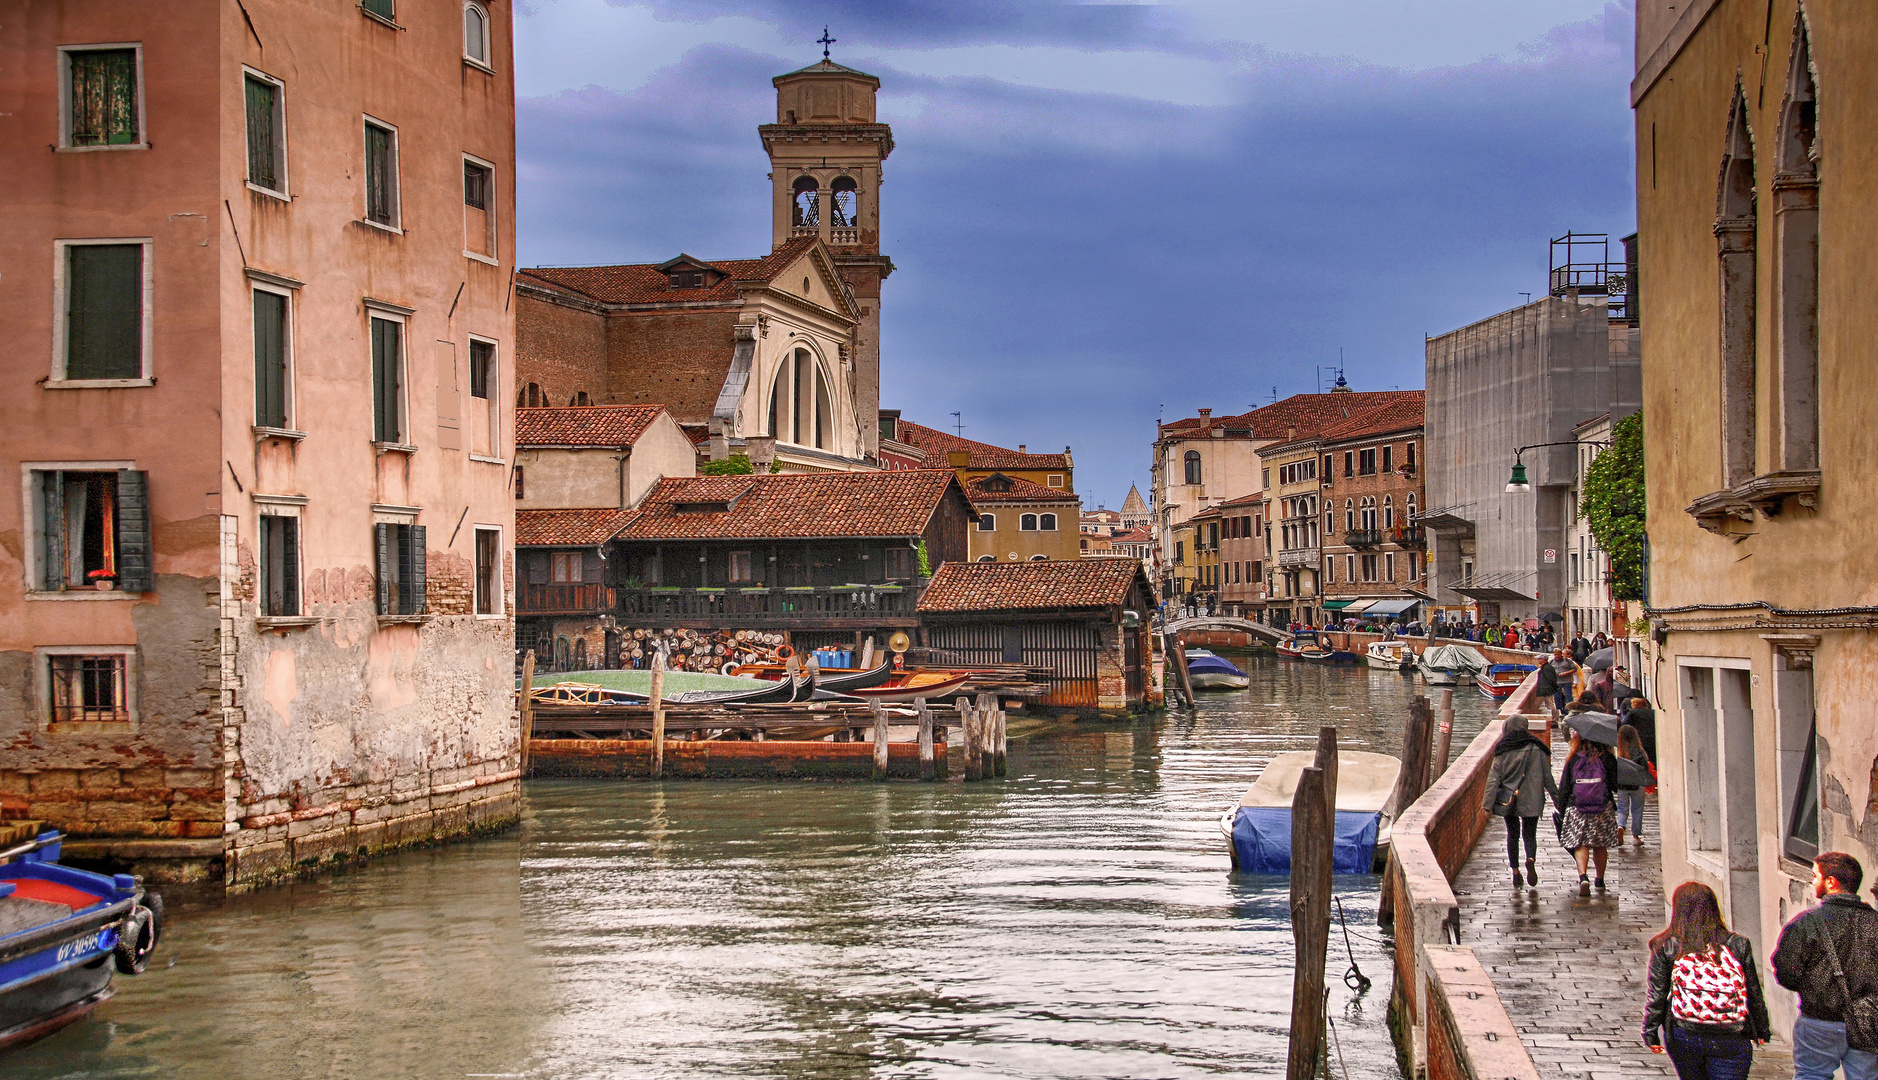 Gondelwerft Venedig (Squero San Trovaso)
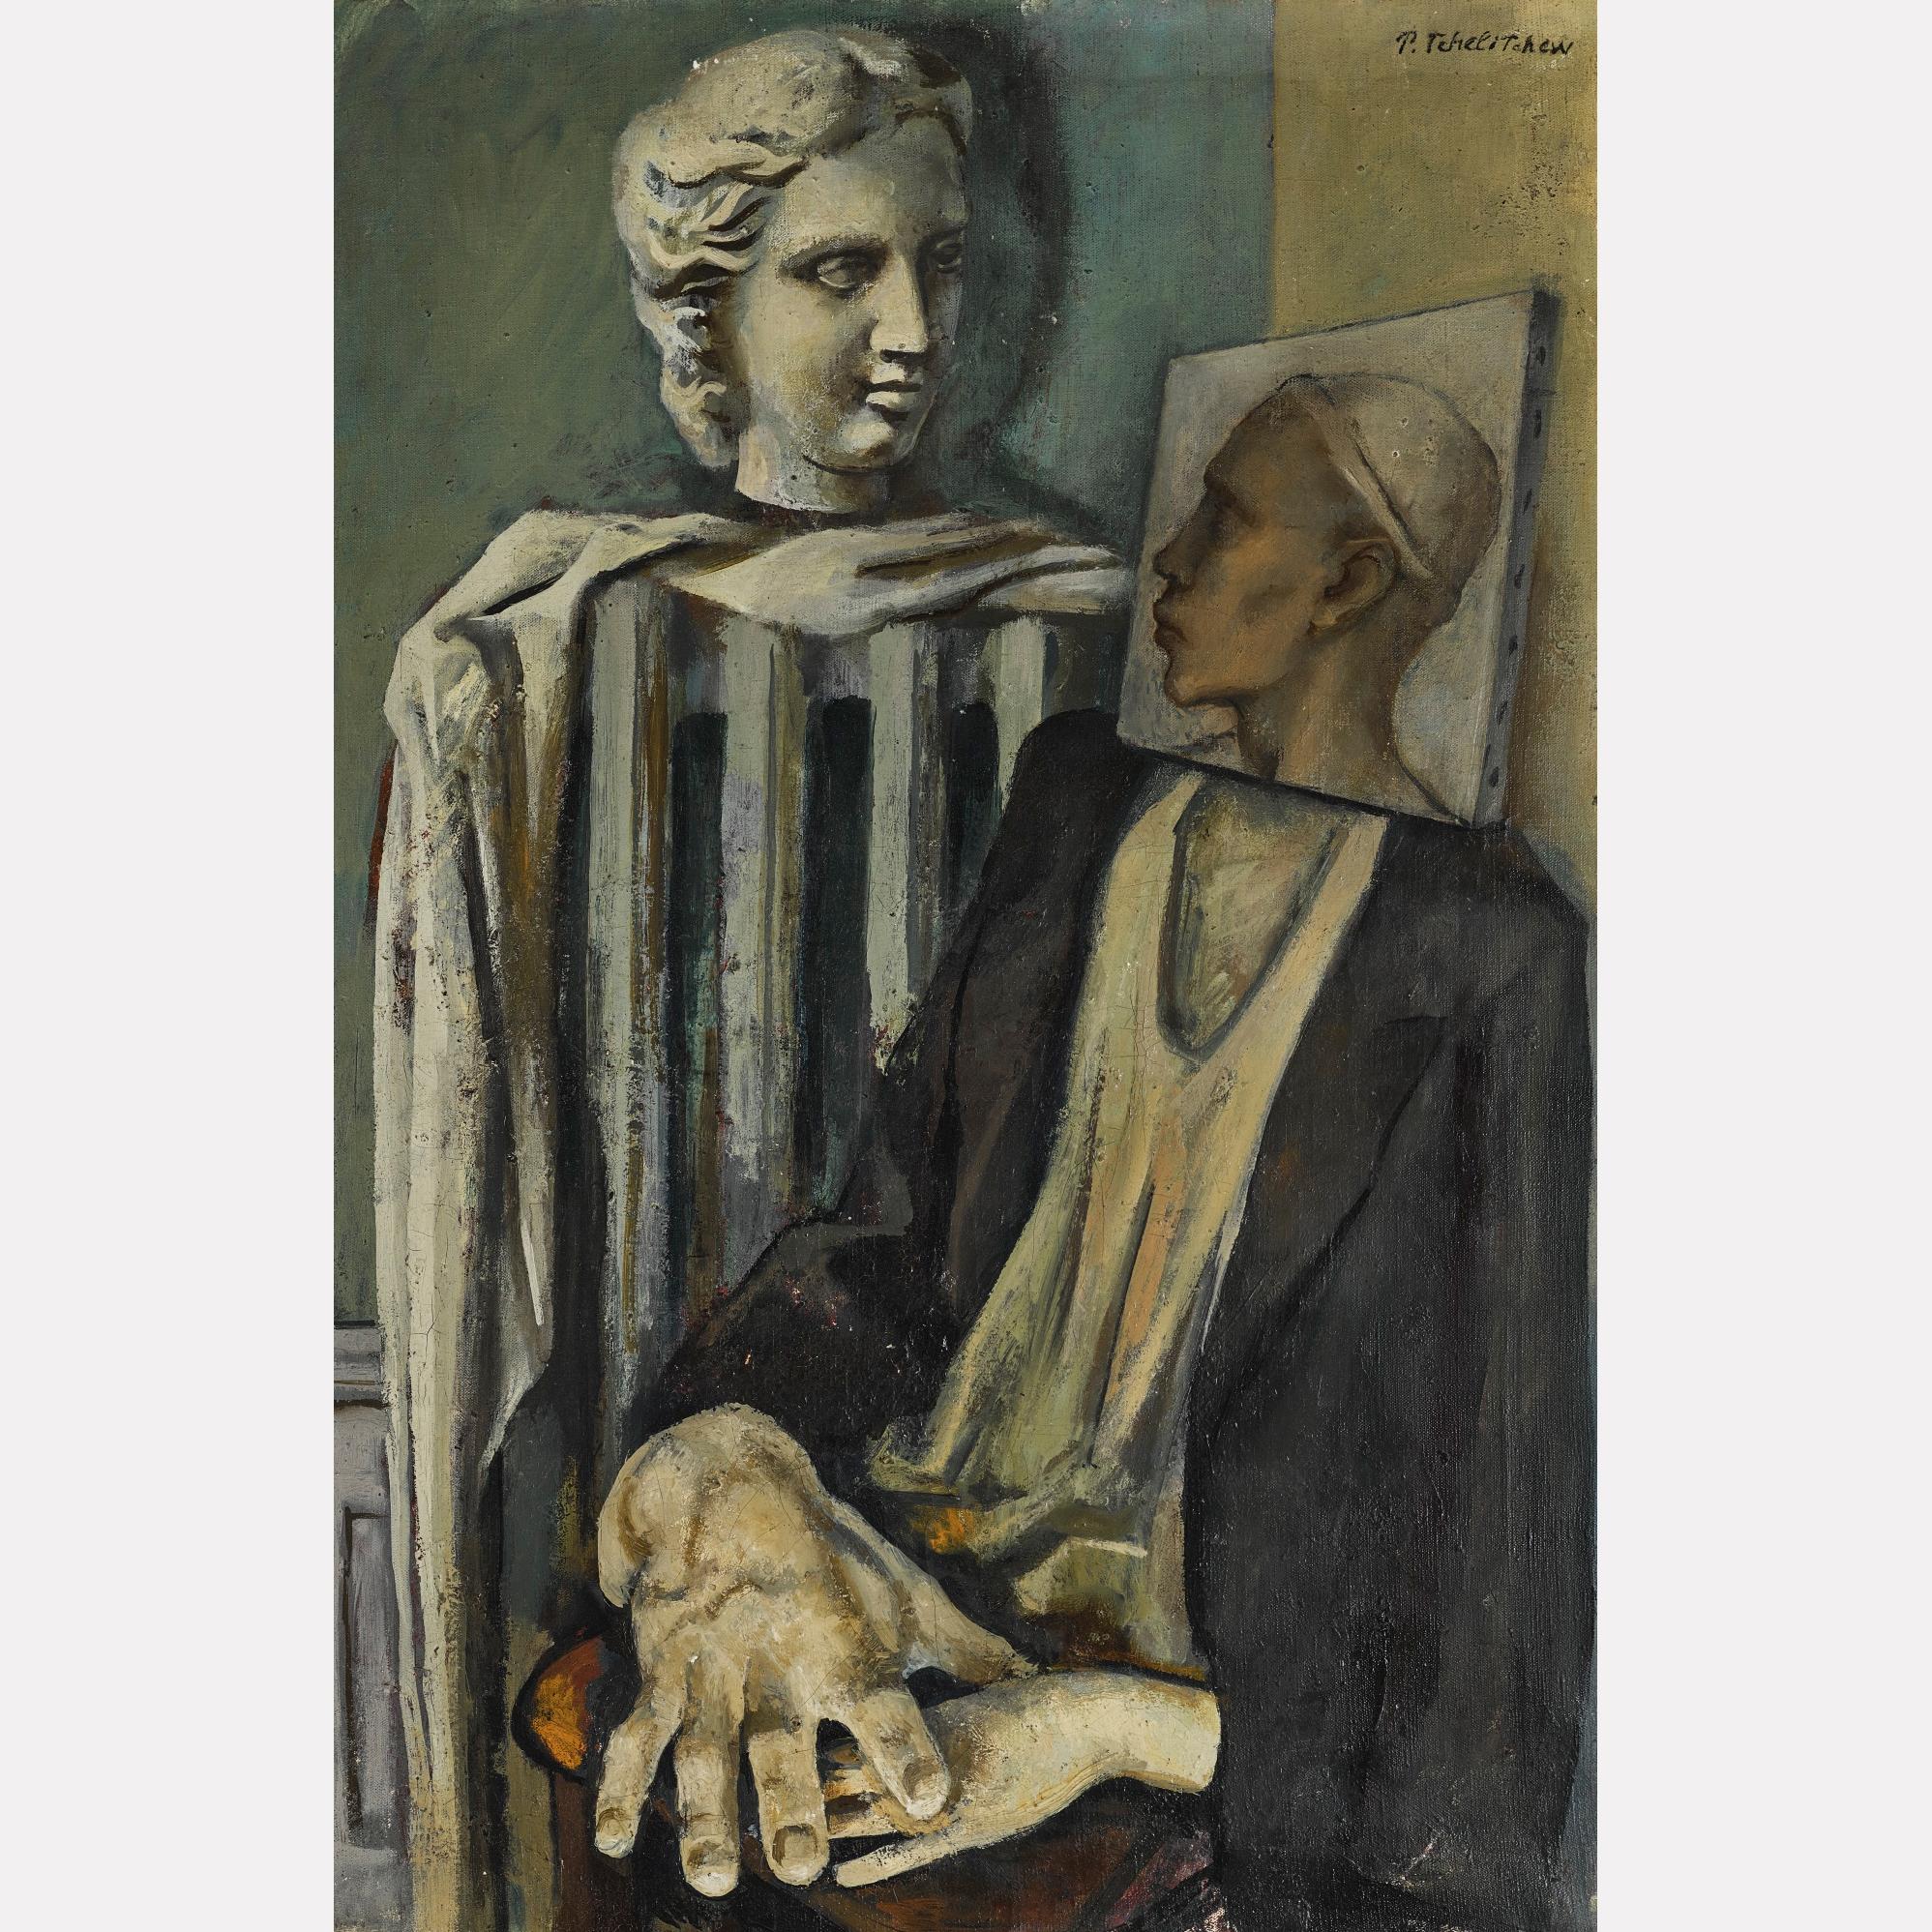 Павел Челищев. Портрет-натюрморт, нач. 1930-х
==
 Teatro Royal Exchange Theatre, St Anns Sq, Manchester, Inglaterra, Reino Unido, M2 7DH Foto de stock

GOAL OF THE EXERCISE: Beginning with the line holding "Gondelwerft Venedig (Squero San Trovaso)" in the material above, restate word for word each line through the line holding "Павел Челищев. Портрет-натюрморт, нач.", and exclude pictures.

WRITTEN ANSWER:
 Gondelwerft Venedig (Squero San Trovaso)
 Павел Челищев. Портрет-натюрморт, нач. 1930-х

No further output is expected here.